При этих словах Дефукблиз напрягся, поднялся со стула, но тотчас же поник и, обрушась на уже прибранный стол, туловищем к Лафкадио, продолжал мягким и как бы конфиденциальным тоном:
— Вот мой тезис: знаете, что надо для того, чтобы честный человек был мерзавцем? Достаточно перемены обстановки, забвения! Да, простая дыра в памяти — и искренность пробивается на свет!.. Прекращение непрерывности: простой перерыв тока. Разумеется, на своих лекциях я этого не говорю… Но, между нами, какие преимущества для побочных детей! Подумайте только: человек, самое бытие которого является следствием заскока, зазубрины в прямой линии…

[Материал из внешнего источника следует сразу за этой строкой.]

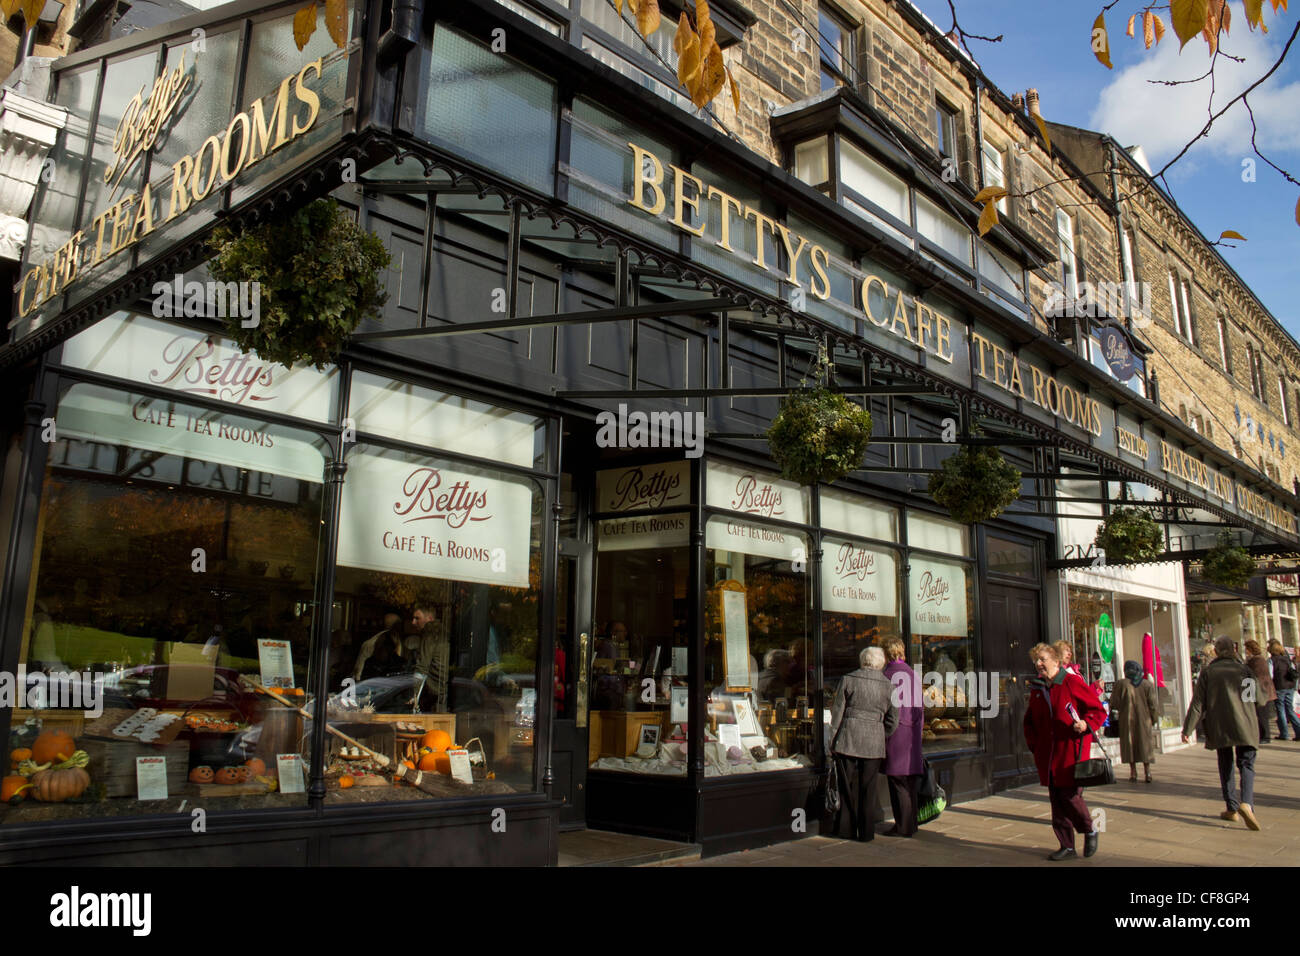 Bettys Cafe and Tea Room, Ilkley West Yorkshire. Stock Photo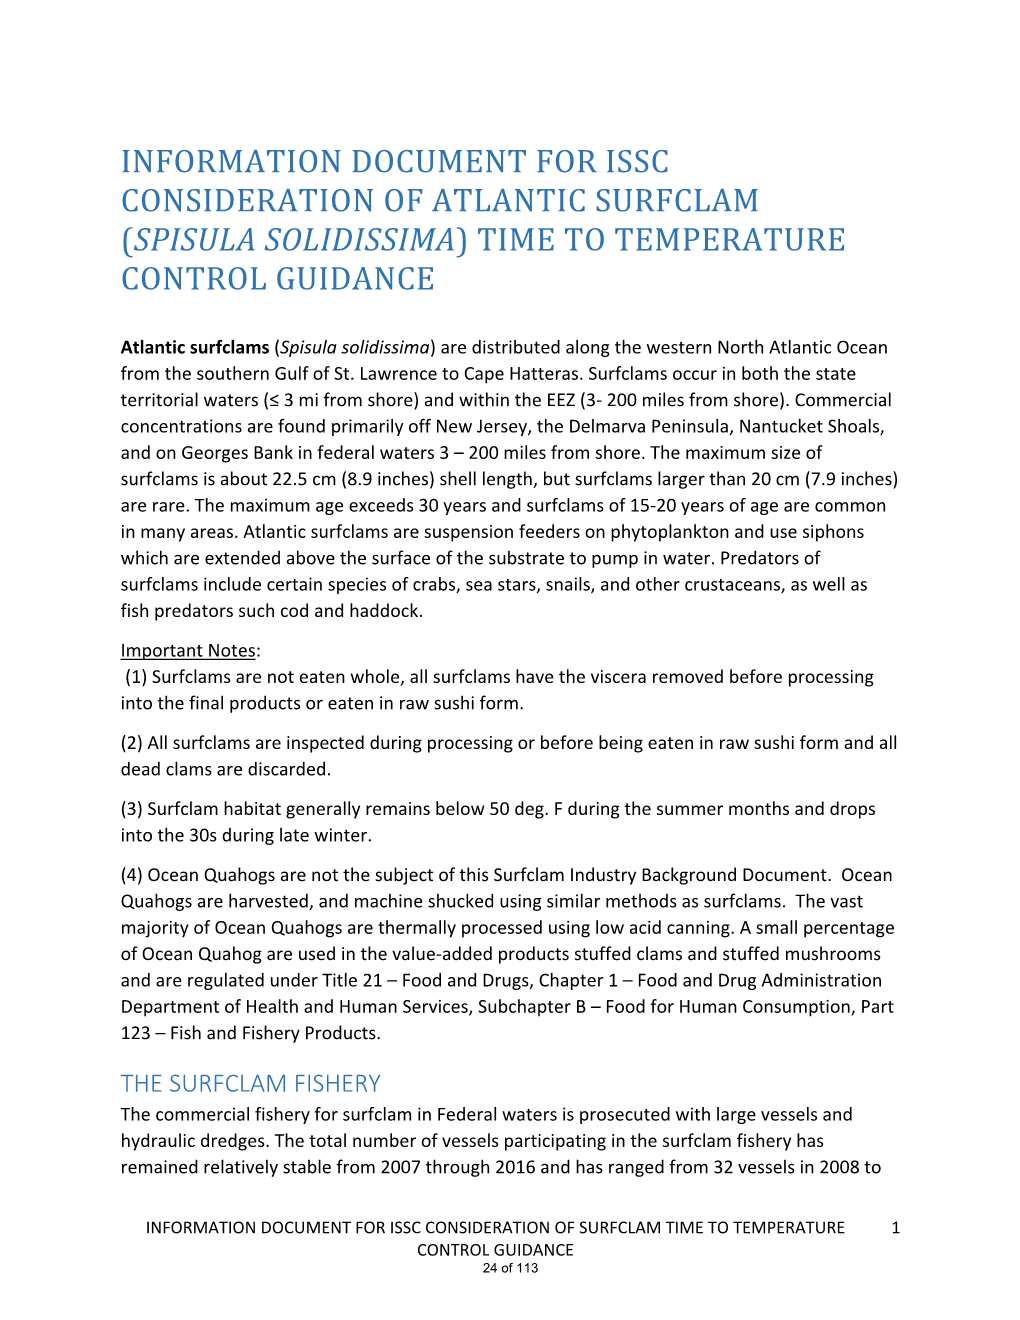 Information Document for Issc Consideration of Atlantic Surfclam (Spisula Solidissima) Time to Temperature Control Guidance

Голос профессора снова звучал громко; он смотрел на Лафкадио какими-то странными глазами, и их то мутный, то пронзительный взгляд начинал того беспокоить. Лафкадио уже не был уверен, не притворна ли близорукость этого человека, и почти узнавал этот взгляд. Наконец, смущенный больше, чем ему самому хотелось думать, он встал и резко произнес:
— Ну! Возьмите меня под руку, мсье Дефукблиз. Вставайте! Наговорились!
Дефукблиз с большим трудом поднялся со стула. Они двинулись, спотыкаясь в коридорах, к купе, где лежал портфель профессора. Дефукблиз вошел первый. Лафкадио усадил его и простился. Он уже повернулся, чтобы итти, как вдруг на плечо его опустилась мощная рука. Он быстро оборотился. Дефукблиз стремительно встал…но был ли то Дефукблиз, восклицавший насмешливым, властным и ликующим голосом:
— Нехорошо так скоро покидать друзей, господин Лафкадио Икс!.. Так вы и в самом деле думали удрать?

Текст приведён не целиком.